此时也是,云澈烦躁的只觉得拿着铲子的手都是抖的。
怎么会这样。
他从不是那样易躁易怒的人。
昨晚在顾宁那里,烦躁的症状也只是稍微轻了一点,取而代之的是全身冰凉和头痛。
云澈唯一能想到的就是药物戒断后遗症。
李宴不再给他注射A-1了,或者说暂时不再给他注射了。
疯子。
云澈扔下小铲子,趁着烦躁感没达到顶点前快步回了房间。
回到房间,云澈就把自己锁在屋里。烦躁感在脑海里一浪高过一浪,像是要把意识撕裂一般,云澈想要尖叫,想要摔东西。云澈坐在床上,死死咬住被子,因为克制让他全身发抖,浅棕色的眼眸再没有往日的清冷,取而代之是一种疯狂,一种对某些药物的疯狂,一种对某种信息素的疯狂。
云澈扔了被子,跌跌撞撞打开房门,朝着他和李宴的衣帽间跑去。
泪不知道什么时候落了下来,头好疼,身体也都是凉的,云澈打开冰冷的衣柜,取下所有名贵的衣服。
随后,睡衣脱落,白色的衬衣松松垮垮盖上身体,黑色的领带蒙上漂亮的眼睛,大衣铺在地上,领夹、袖口散落在地。
冰冷的身体渴求着最讨厌的信息素,在一片狼藉里开出一朵滋养多年却即将枯萎的白玫瑰。
云澈清醒过来是在半夜,他躺在冰凉的地板上,透过黑色的领带去看水晶吊灯洒下的光,大脑还残余着痛后的余感,身体也像是高烧过后一样泛着疼。

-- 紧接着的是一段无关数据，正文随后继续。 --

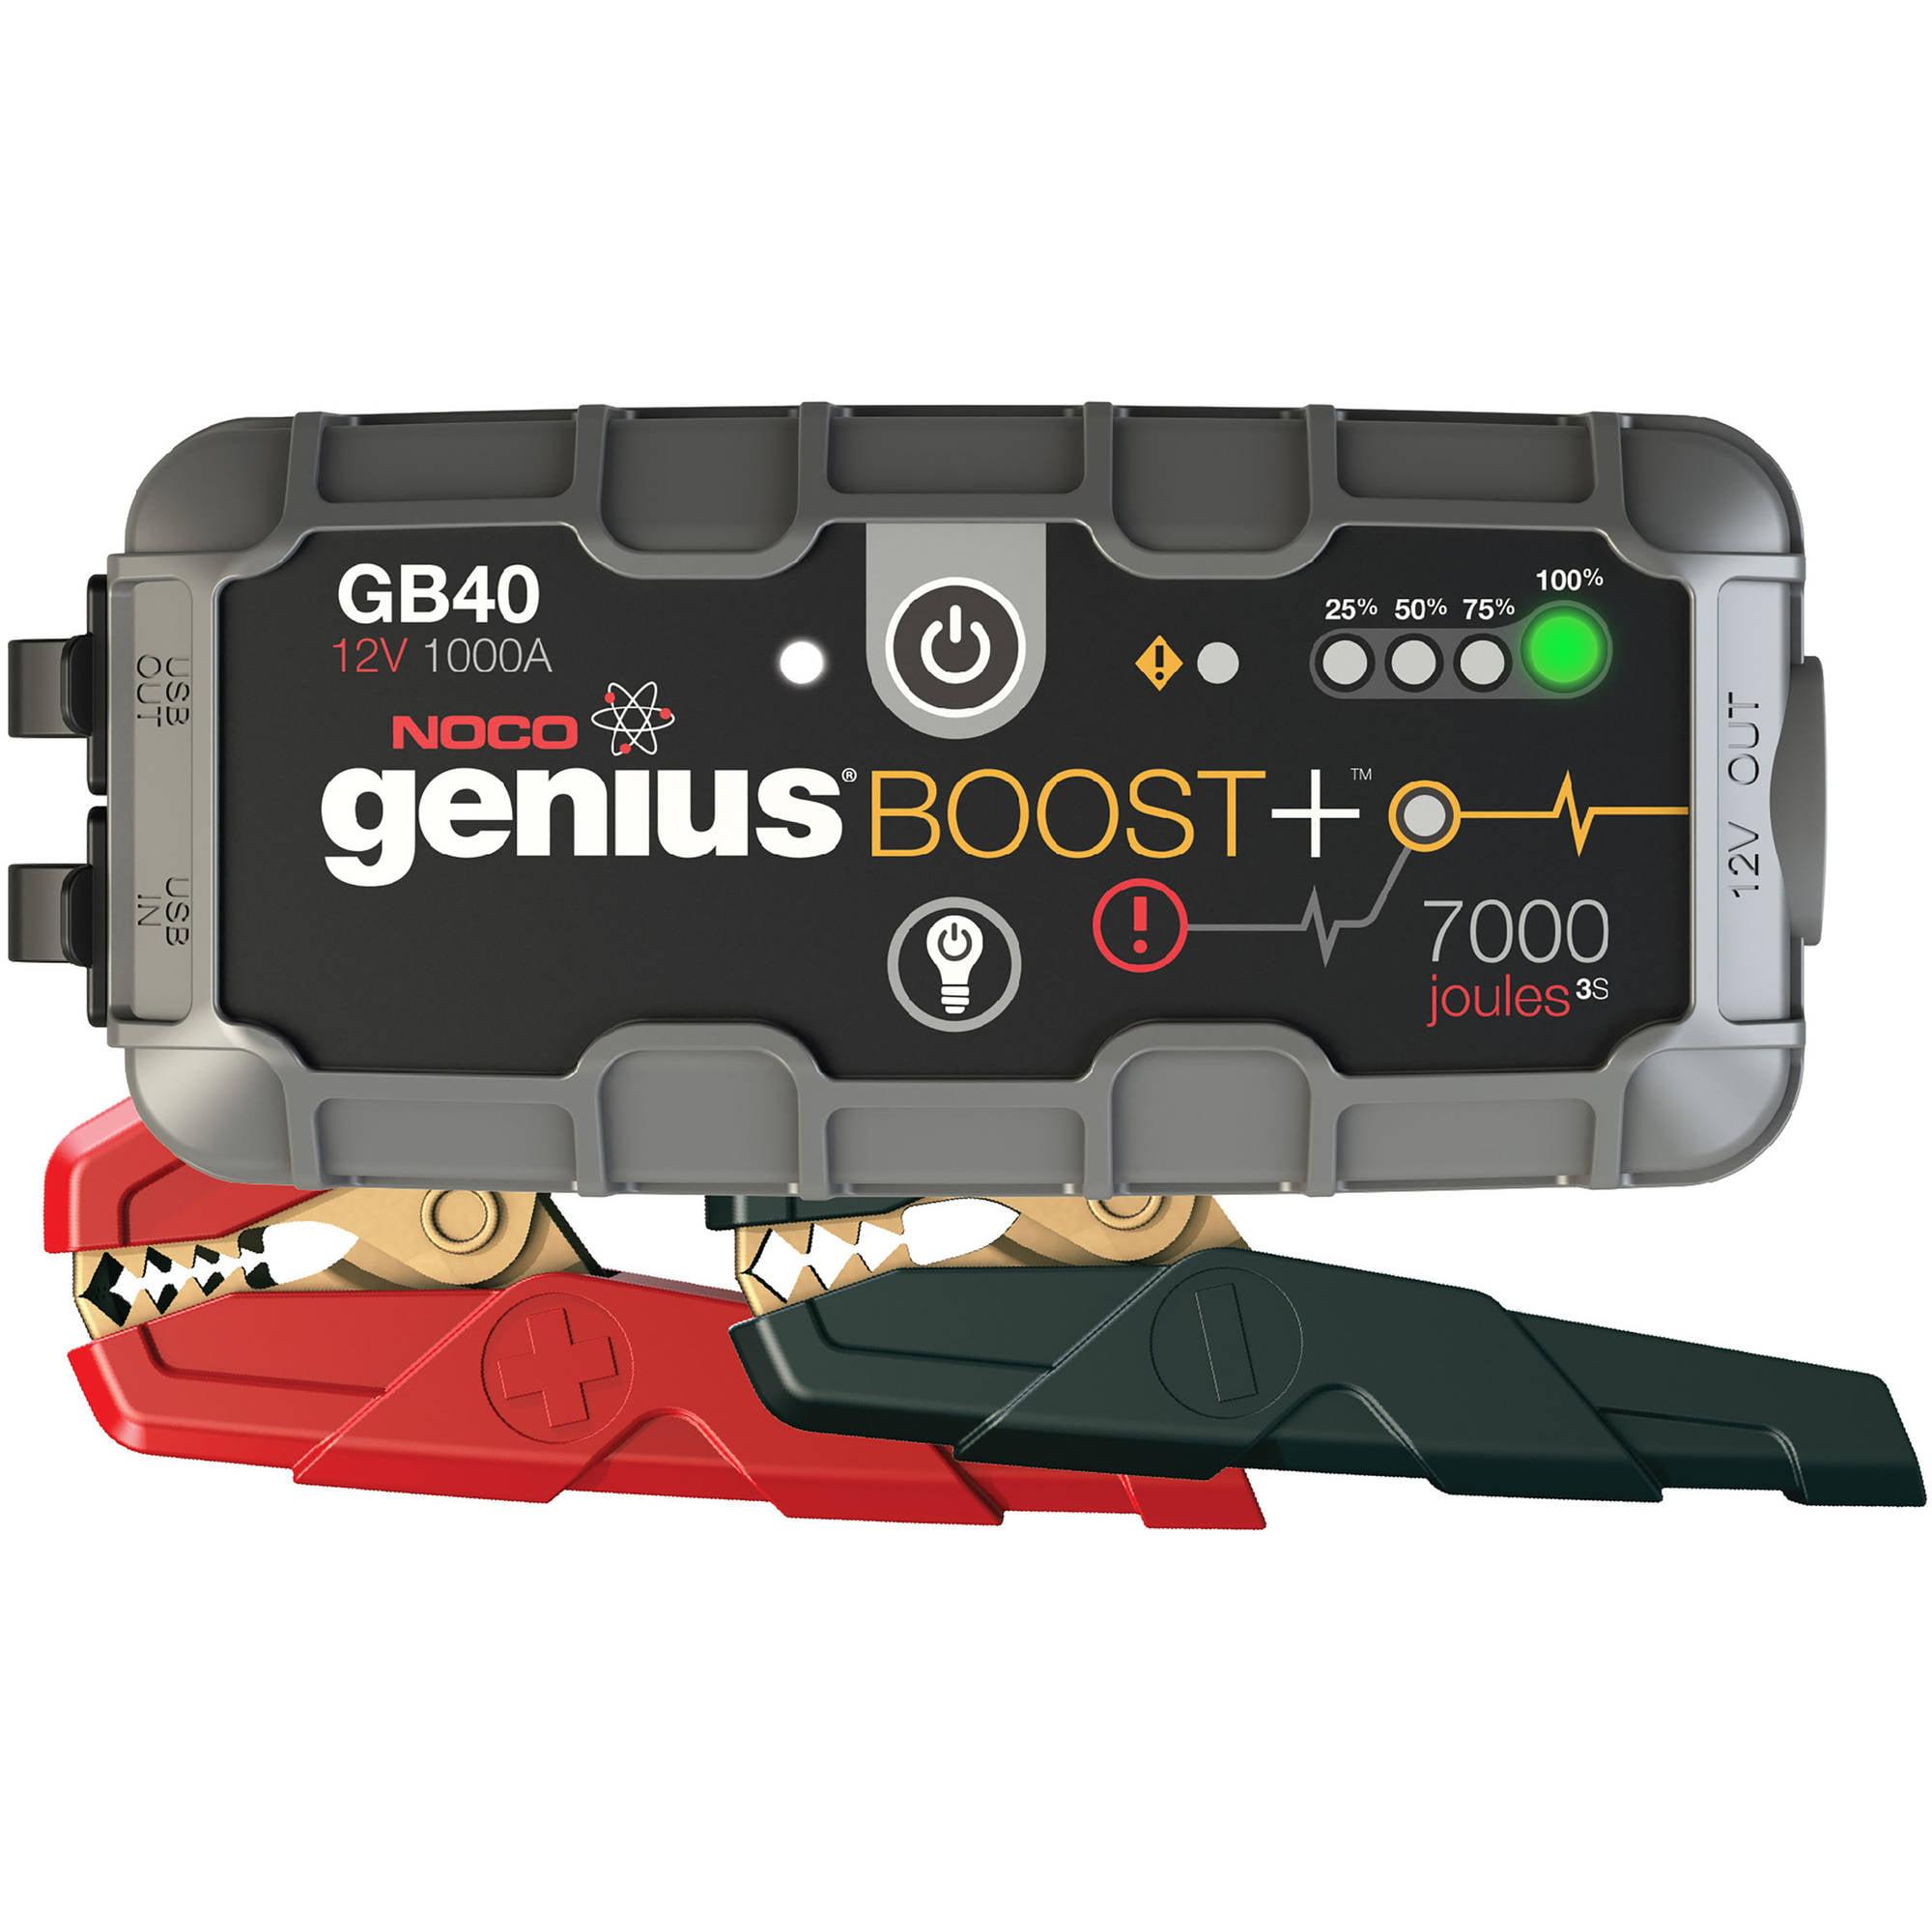 NOCO GB40 Genius Boost Plus 1,000A Jump Starter by Noco
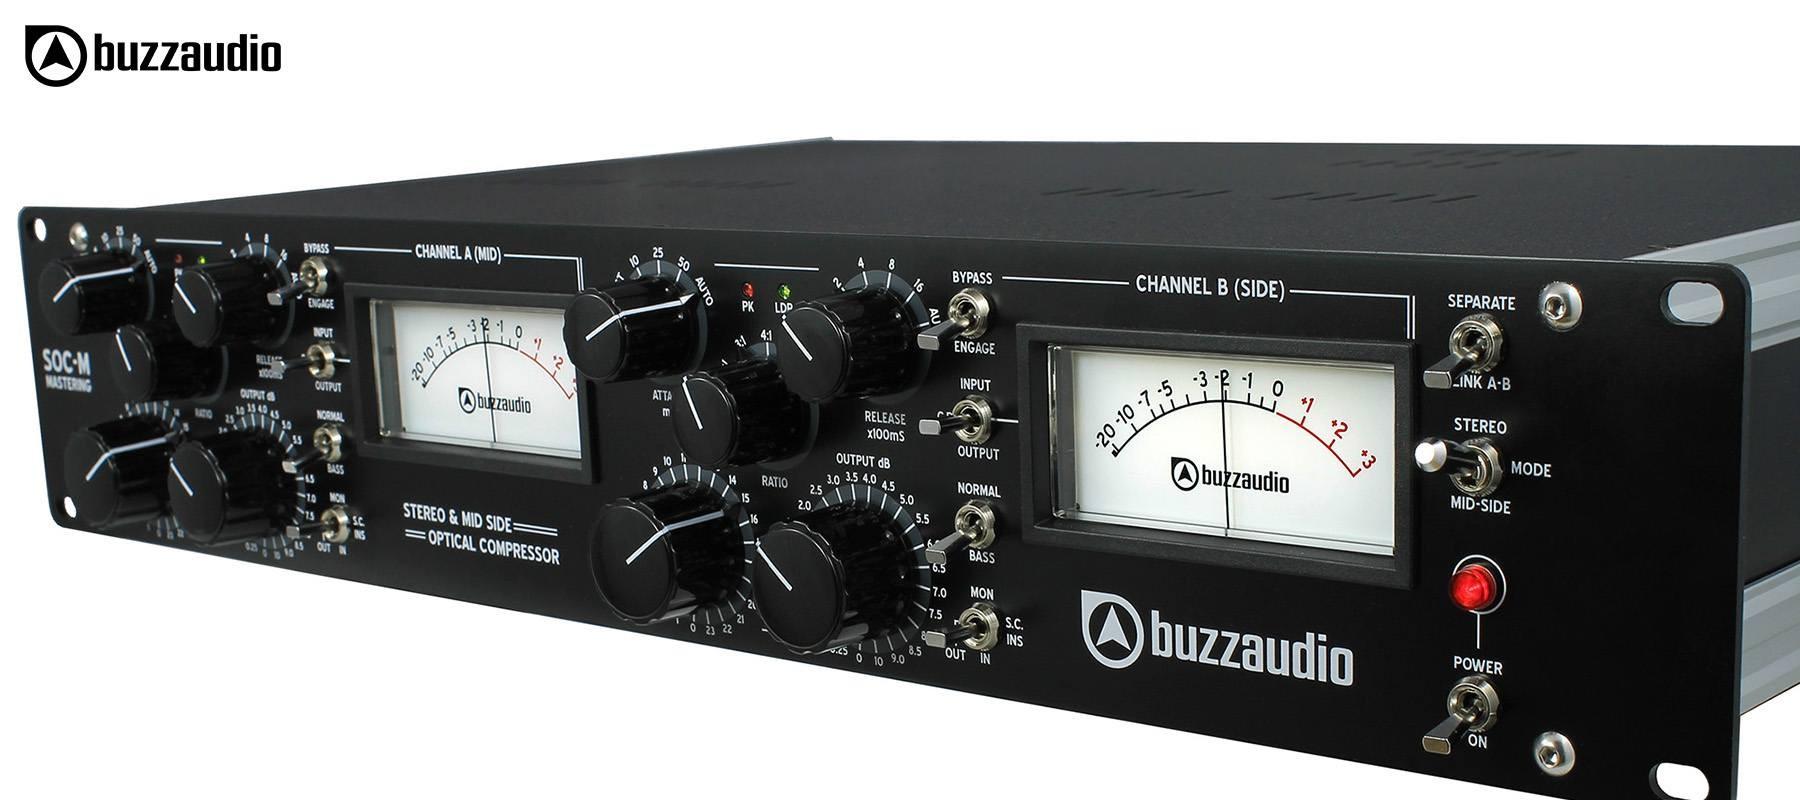 Buzz Audio SOC-M - Black face right

云澈已经很难回忆起中间发生了什么,只记得一切在混乱里变得模糊,呻吟声,哭声混着痛感造成了现在的一地凌乱。
许久,云澈发出一声轻笑,他哑着声音说:
“李宴,我忽然不想原谅你了。”
*
顾宁接到云澈的短信是在一个星期后,顾宁刚从赛车上下来,扔了头盔,撕开赛车服,汗水湿了他的头发,顾宁随意往后一抹,倒多几分平时根本见不到的野性。
顾宁先去冲了澡,换好衣服坐在楼上的观赛区,随后他拨通一个电话。
对面的人或许在忙,在顾宁准备挂断时才接起。
“很忙?”顾宁问。
“刚刚在和学生交涉。”
顾宁笑了笑,刚想开口就看到一堆公子哥熙熙攘攘上楼,顾宁拿起电话,准备找个安静的地方,没想到却被一个没眼力劲的看见,直接喊道:“顾宁这是跟谁打电话呢?”
这话一出,身边有眼色的都愣住了。
四九城里上流圈,除了和顾宁亲近的陈景,好像还没谁敢连名带姓的叫顾宁。
连顾宁都觉得有意思,放往常顾宁可能会分一个眼神,但电话里的人一星期都没联系自己,相比之下,他并不想云澈等他。
“顾宁,你在听吗?”
“我在。”顾宁笑了笑,懂眼色的都自动为顾宁让出一条道,顾宁顺着楼梯而下,连脸上的笑都没变。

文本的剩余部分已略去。